Petitioner Avon disputes the abovestated conclusion reached by the Court of Appeals. It argues that the
latter went beyond the literal and obvious intent of the parties to the subject contract when it interpreted
the abovequoted clause to apply only to those products that do not compete with that of petitioner
Avons; and that the words only and exclusively need no other interpretation other than the literal
meaning that THE SUPERVISORS CANNOT SELL THE PRODUCTS OF OTHER COMPANIES WHETHER OR NOT
THEY ARE COMPETING PRODUCTS.[12]

Moreover, petitioner Avon reasons that:

The exclusivity clause was directed against the supervisors selling other products utilizing
their training and experience, and capitalizing on Avons existing network for the promotion and
sale of the said products. The exclusivity clause was meant to protect Avon from other companies,
whether competitors or not, who would exploit the sales and promotions network already
established by Avon at great expense and effort.

xxxx

Obviously, Sandre Phils., Inc. did not have the (sic) its own trained personnel and network
to sell and promote its products. It was precisely why Sandre simply invited, and then and there
hired Luna and other Avon supervisors and dealers to sell and promote its products. They had the
training and experience, they also had a ready market for the other products the customers to
whom they had been selling the Avon products. It was easy to entice the supervisors to sign up.
The supervisors could continue to sell Avon products, and at the same time earn additional income
by selling other products.
80
This is most unfair to Avon. The other companies cannot ride on and exploit the training
and experience of the Avon sales force to sell and promote their own products. [Emphasis
supplied.]

On the other hand, in her Memorandum, respondent Luna counters that there is no allegation nor any
finding by the trial court or the Court of Appeals of an existing nationwide sales and promotions network
established by Avon or Avons existing sales promotions network or Avons tried and tested sales and
promotions network nor the alleged damage caused to such system caused by other companies. Further,
well worth noting is the opinion of respondent Lunas counsel which started the set off the series of events
which culminated to the termination or cancellation of the Supervisors Agreement. In response to the
query-letter[13] of respondent Luna, the latters legal counsel opined that, as allegedly held in the case
of Ferrazzini v. Gsell,[14] paragraph 5 of the subject Supervisors Agreement not only prohibits the
supervisor from selling products which compete with the companys product but restricts likewise the
supervisor from engaging in any industry which involves sales in general.[15] Said counsel thereafter
concluded that the subject provision in the Supervisors Agreement constitutes an unreasonable restraint
of trade and, therefore, void for being contrary to public policy.

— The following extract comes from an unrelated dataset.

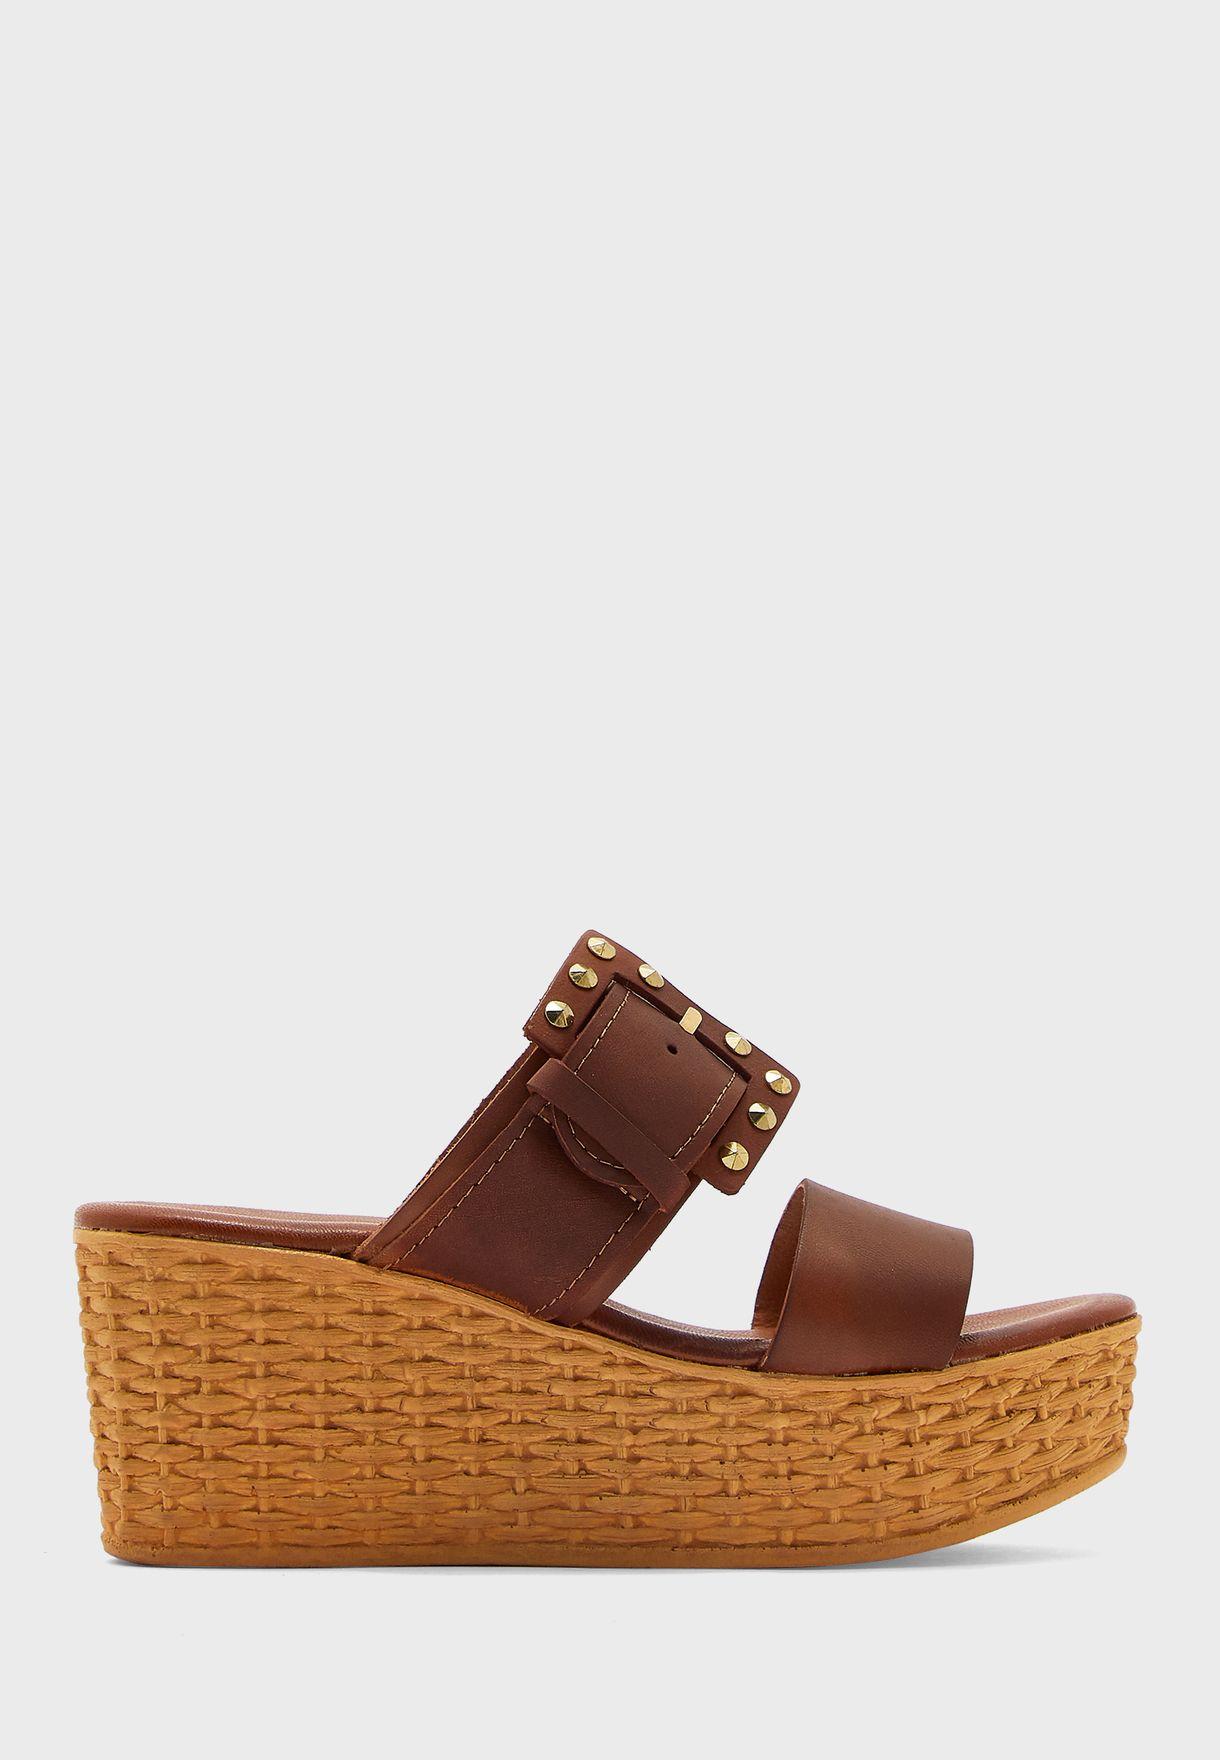 Buckle Detail Mid Heel Wedge Sandals

At the crux of the first issue is the validity of paragraph 5 of the Supervisors Agreement, viz:

The Company and the Supervisor mutually agree:

xxxx

5) That the Supervisor shall sell or offer to sell, display or promote only and exclusively products sold by
the Company. [Emphasis supplied.]

In business parlance, this is commonly termed as the exclusivity clause. This is defined as agreements
which prohibit the obligor from engaging in business in competition with the obligee.

This exclusivity clause is more often the subject of critical scrutiny when it is perceived to collide with the
Constitutional proscription against reasonable restraint of trade or occupation. The pertinent provision of
the Constitution is quoted hereunder. Section 19 of Article XII of the 1987 Constitution on the National
Economy and Patrimony states that:

SEC. 19. The State shall regulate or prohibit monopolies when the public interest so requires. No
combinations in restraint of trade or unfair competition shall be allowed.

First off, restraint of trade or occupation embraces acts, contracts, agreements or combinations which
restrict competition or obstruct due course of trade.[16]

Now to the basics. From the wordings of the Constitution, truly then, what is brought about to lay the test
on whether a given agreement constitutes an unlawful machination or combination in restraint of trade
is whether under the particular circumstances of the case and the nature of the particular contract
involved, such contract is, or is not, against public interest.[17]

Thus, restrictions upon trade may be upheld when not contrary to public welfare and not greater than is
necessary to afford a fair and reasonable protection to the party in whose favor it is imposed.[18] Even
contracts which prohibit an employee from engaging in business in competition with the employer are
not necessarily void for being in restraint of trade.
81
In sum, contracts requiring exclusivity are not per se void. Each contract must be viewed vis--vis all the
circumstances surrounding such agreement in deciding whether a restrictive practice should be
prohibited as imposing an unreasonable restraint on competition.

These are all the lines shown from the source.